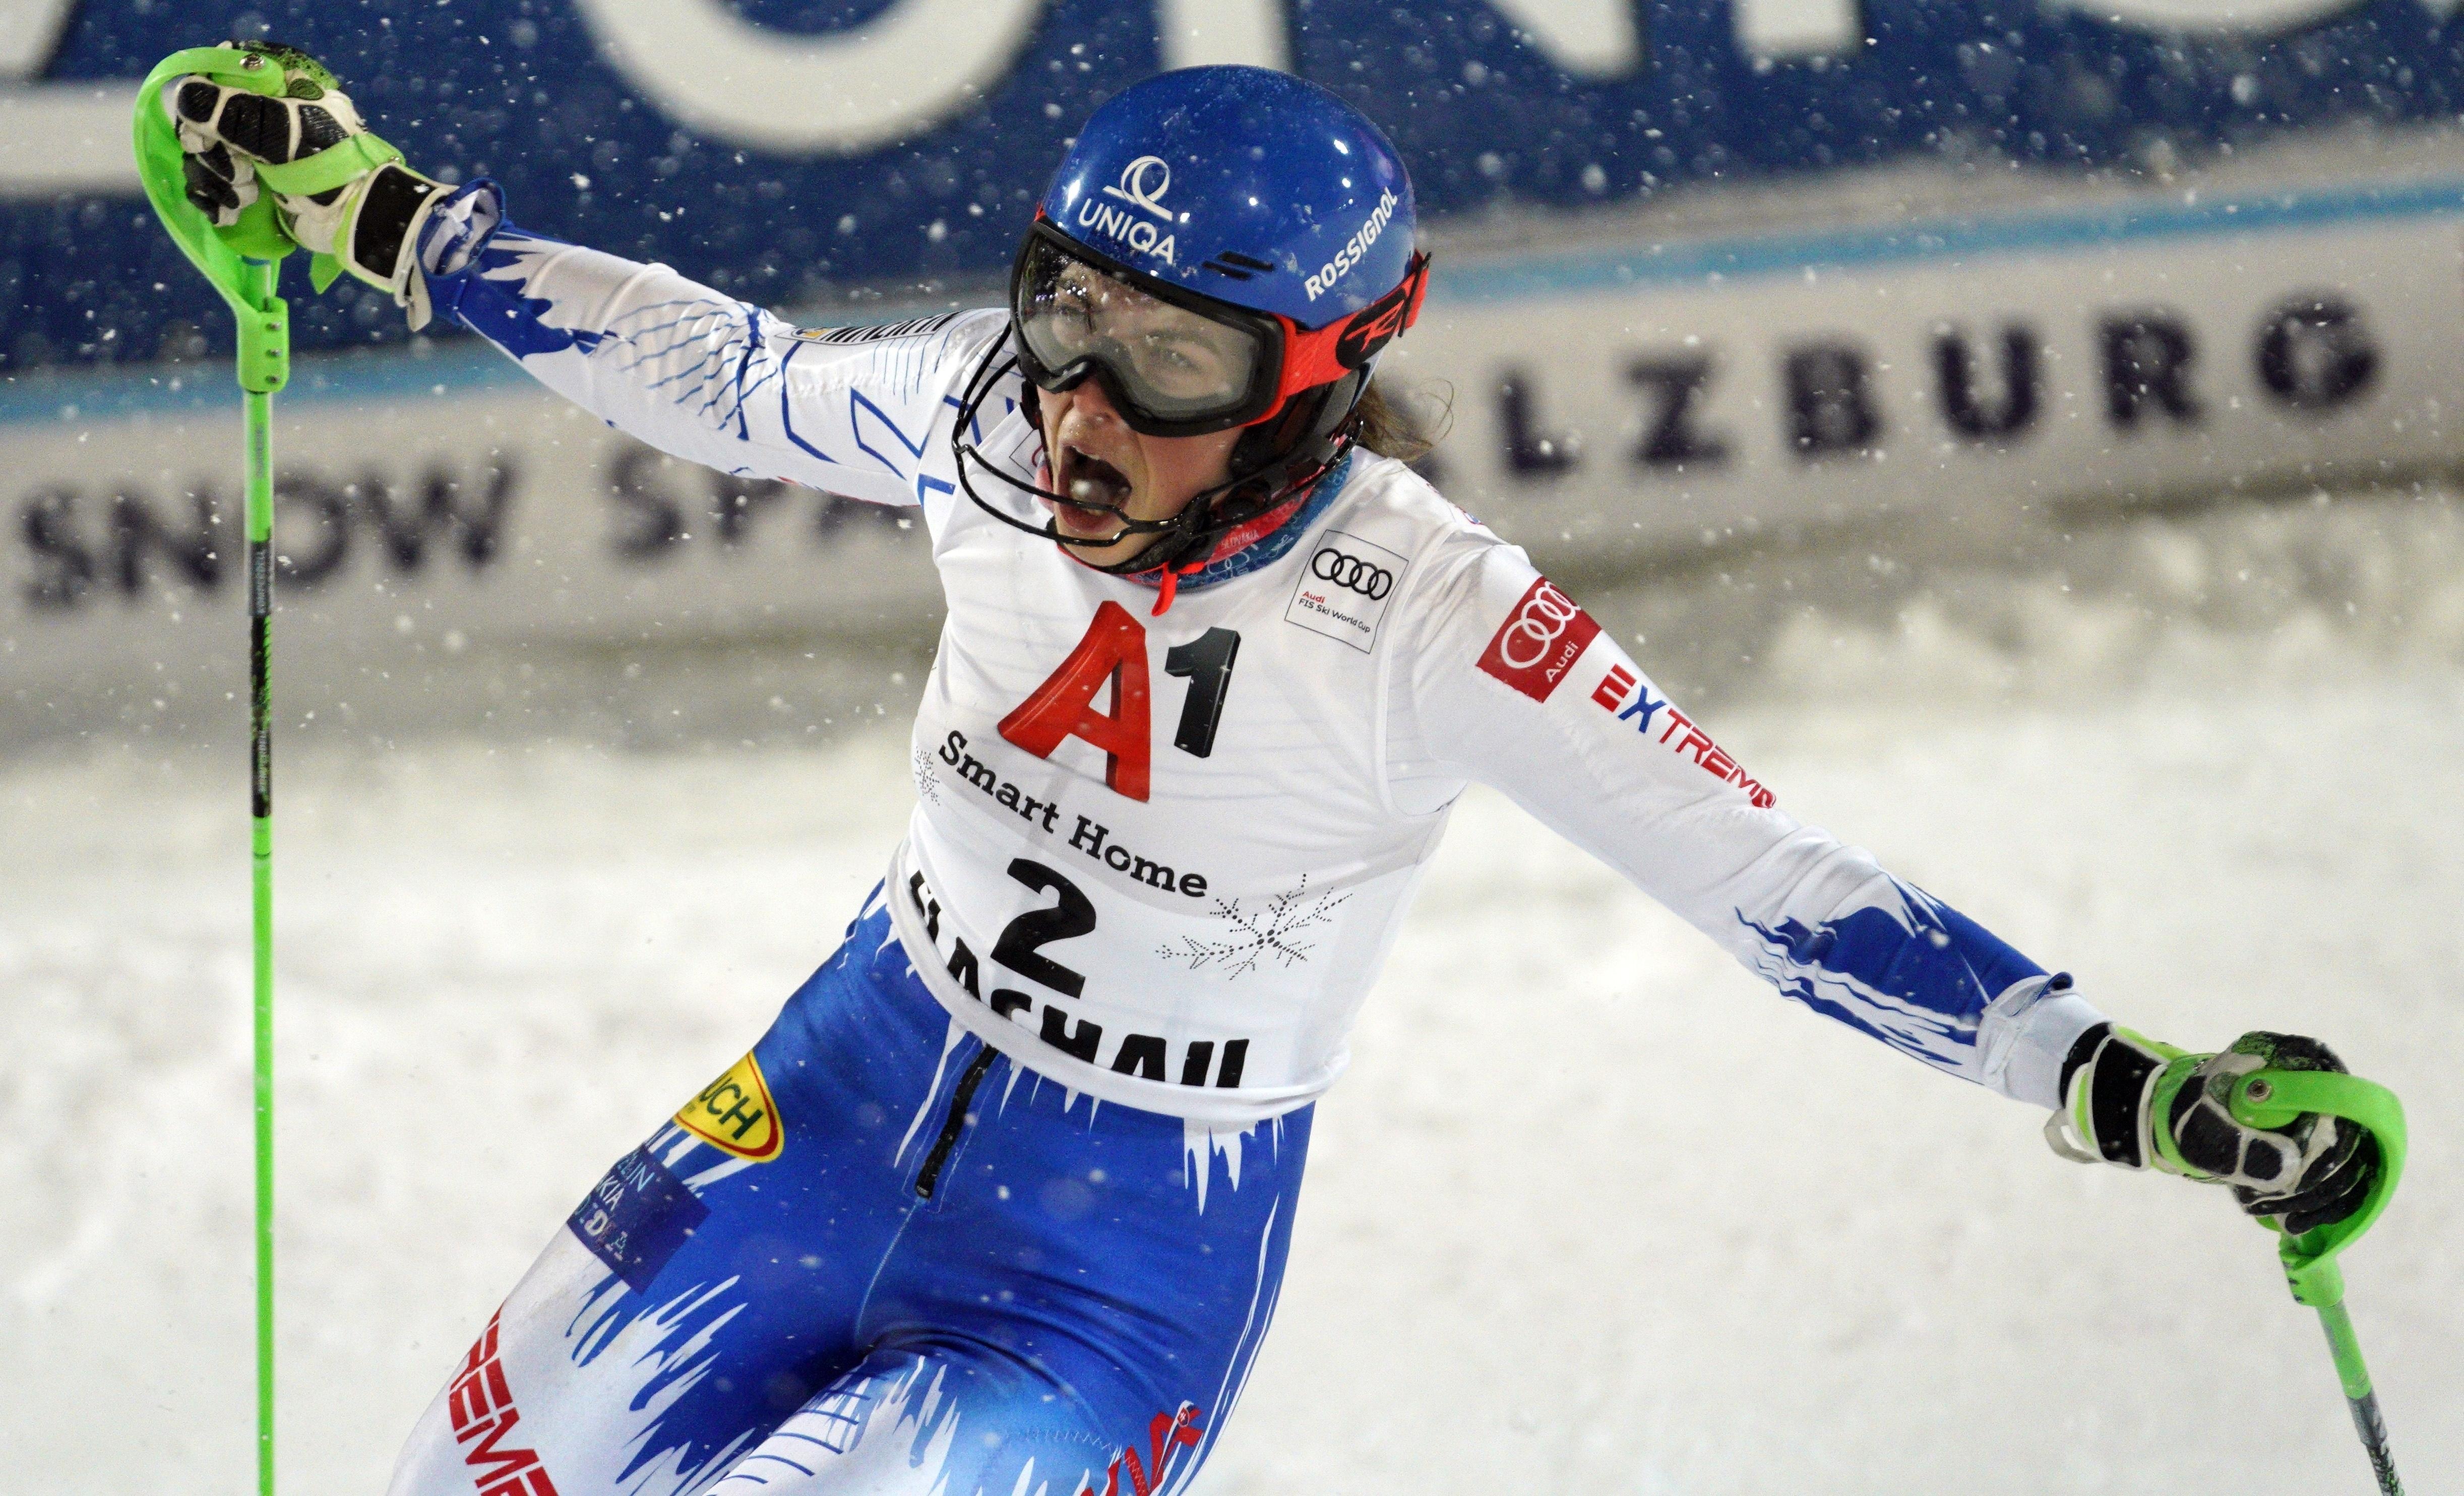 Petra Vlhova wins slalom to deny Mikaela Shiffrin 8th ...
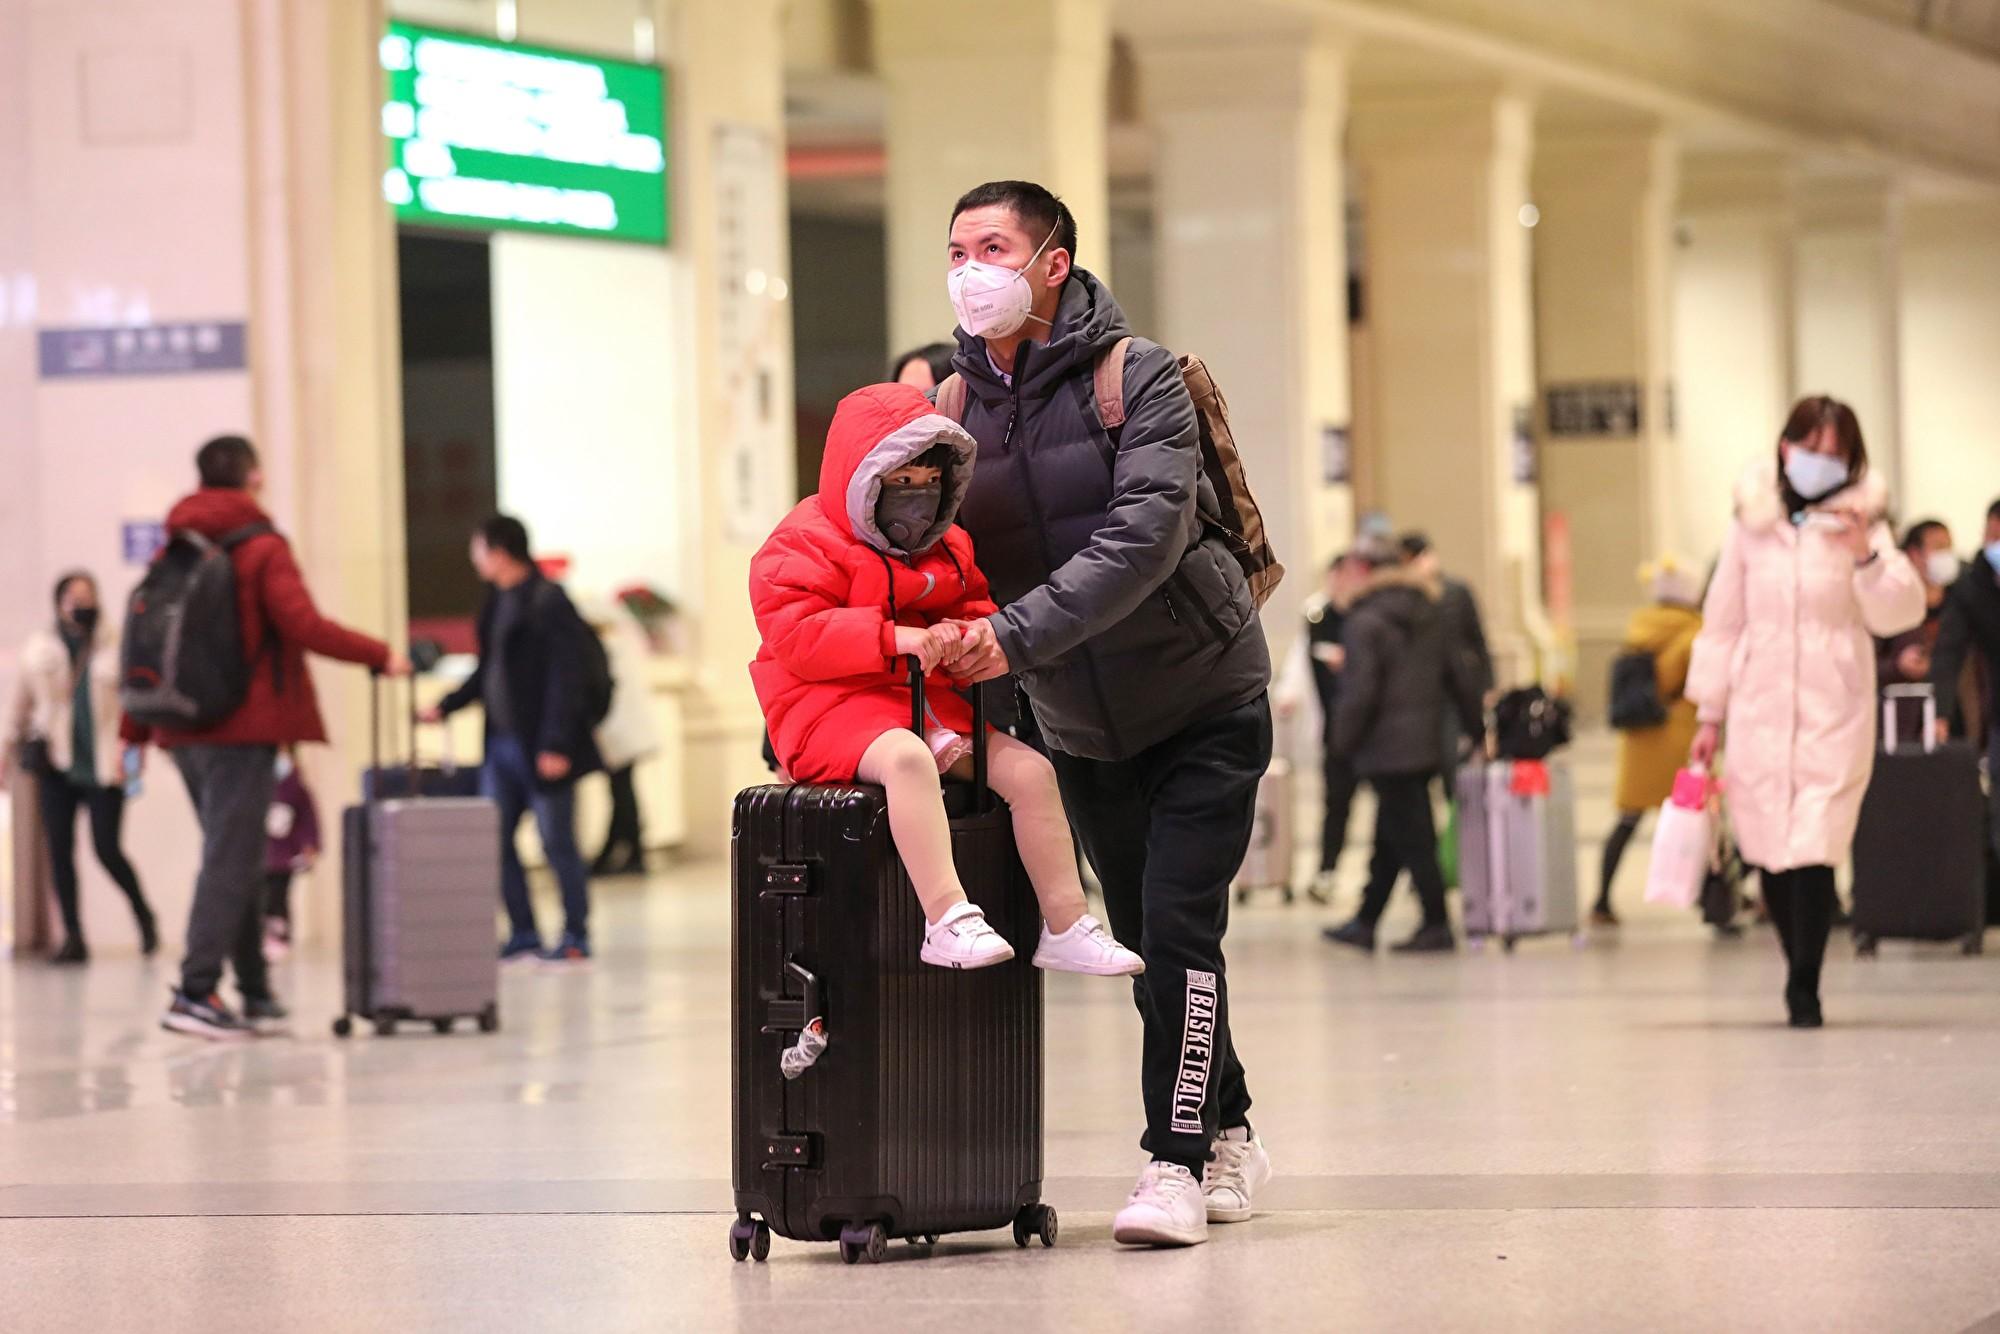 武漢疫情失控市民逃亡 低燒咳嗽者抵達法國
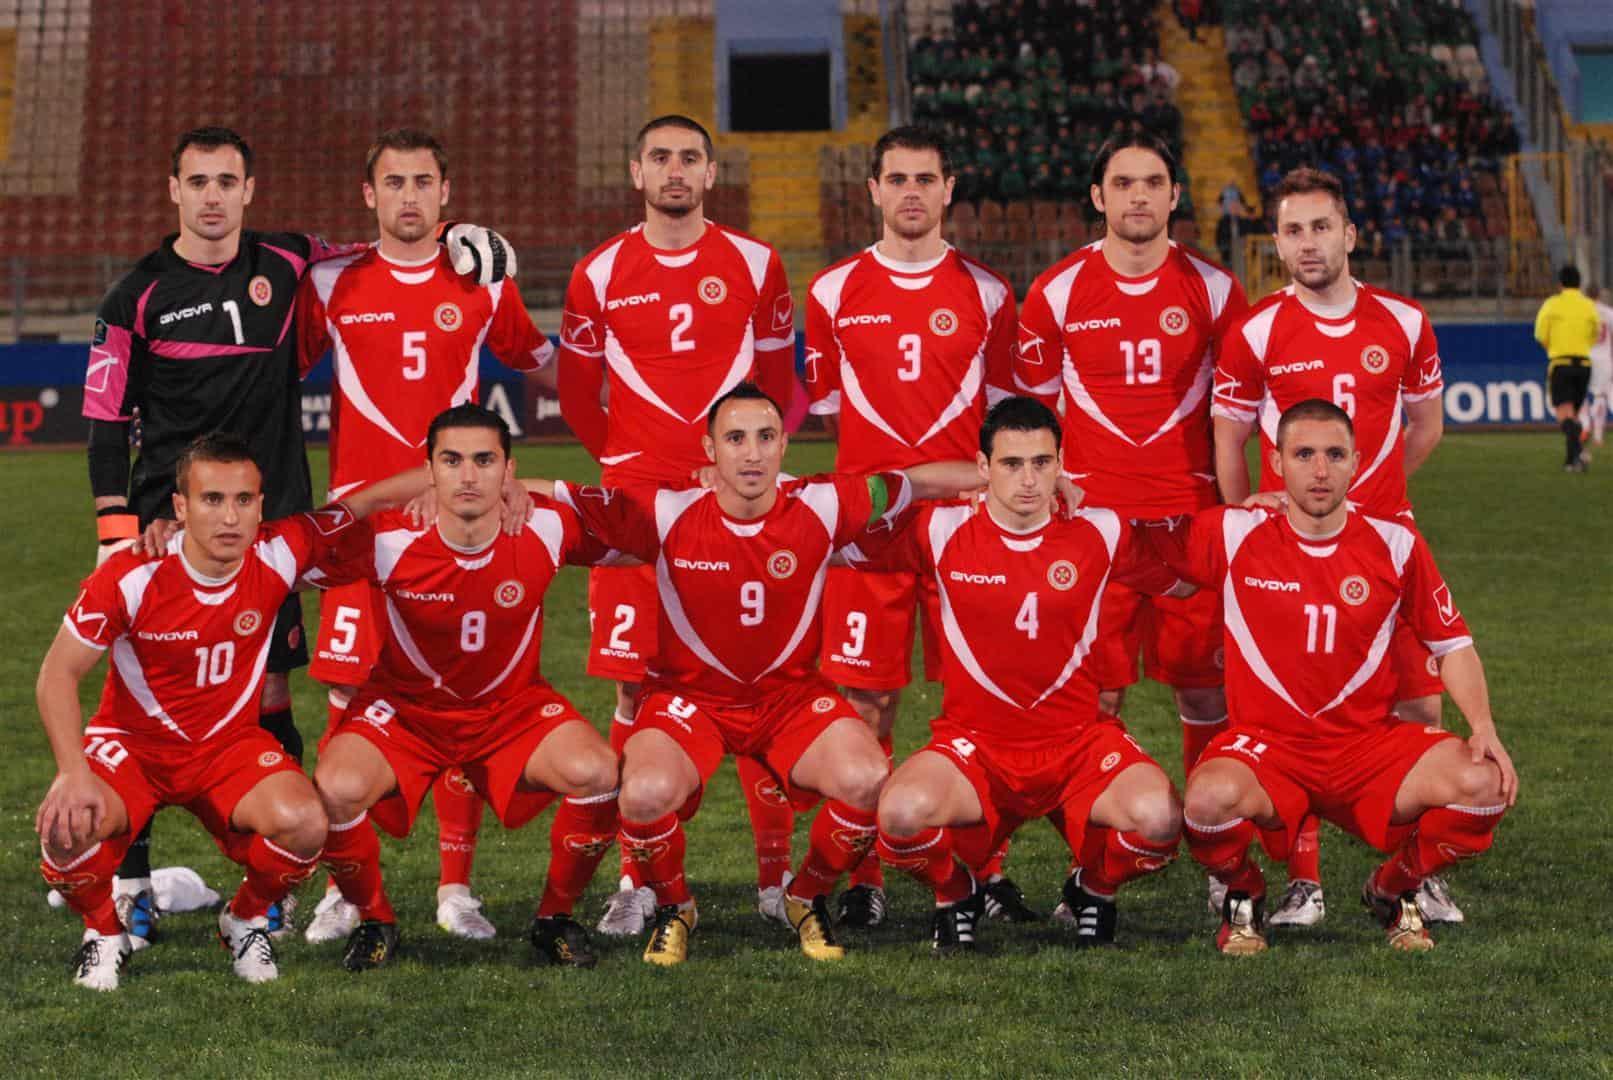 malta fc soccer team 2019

- **What you are asked to do**: Copy all the material above exactly, but skip each image.

- **Result of the task**:
 Petra Vlhova wins slalom to deny Mikaela Shiffrin 8th ...
 武漢疫情失控市民逃亡 低燒咳嗽者抵達法國
 malta fc soccer team 2019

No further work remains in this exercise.